### Work task
Write out only the tail of the records, beginning at the line containing "#illustration" and including the last line, exactly as written.

### Task material
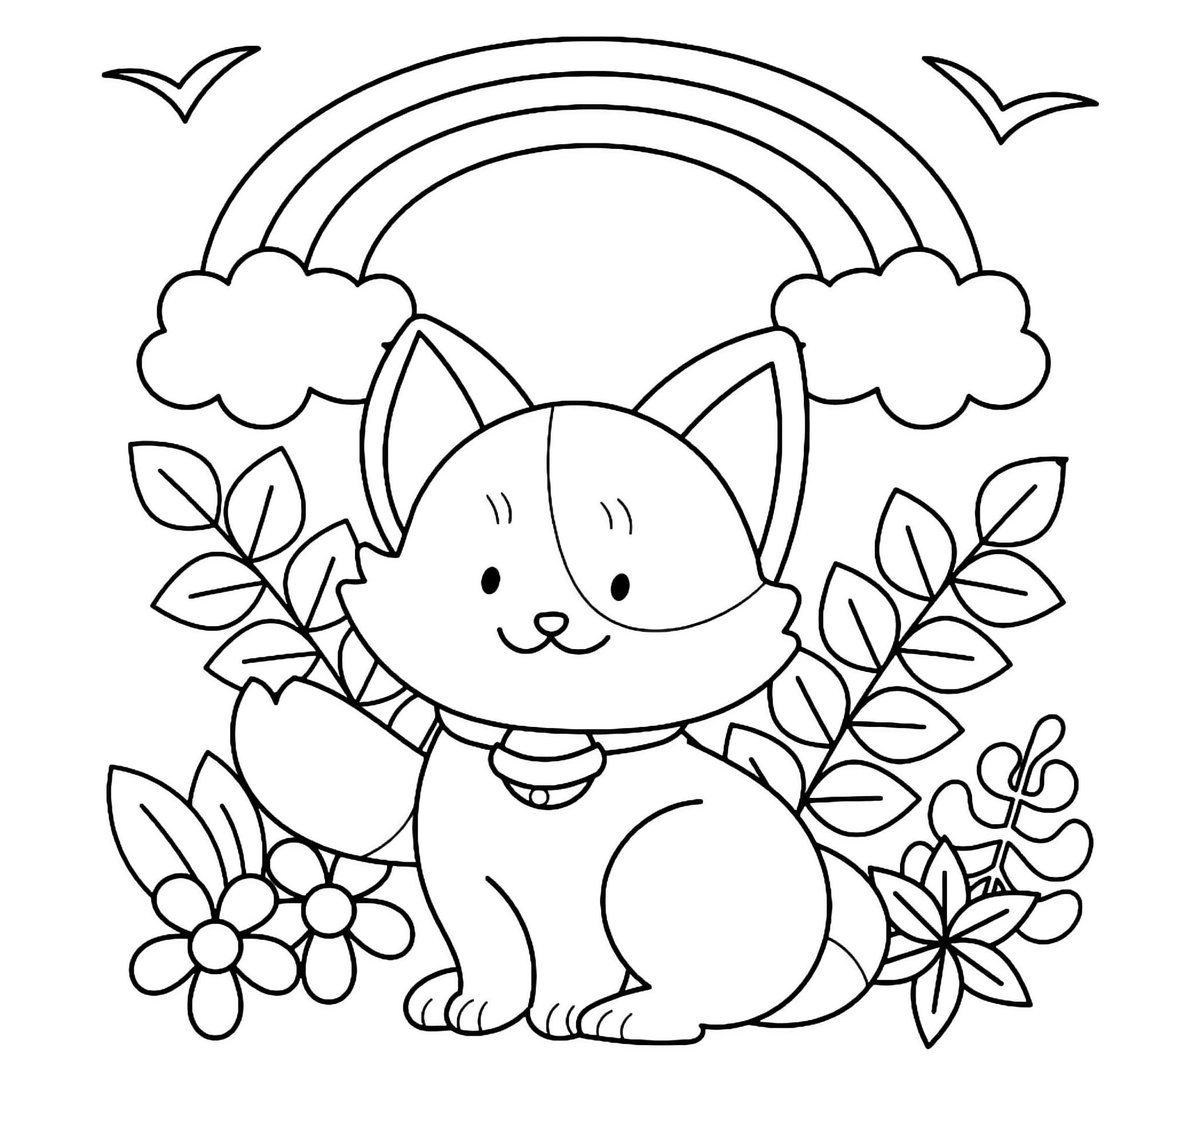 I Will Do Coloring Page For Kids and Adults
#artist
#colors
#coloringbookforadults
#artwork
#coloringtherapy
#painting
#coloringaddict
#illustration
#coloringbooks
#sketch
#arttherapy
#colorful
#draw
#digitalart
#coloringpages
#coloringpage

### Answer for the task
#illustration
#coloringbooks
#sketch
#arttherapy
#colorful
#draw
#digitalart
#coloringpages
#coloringpage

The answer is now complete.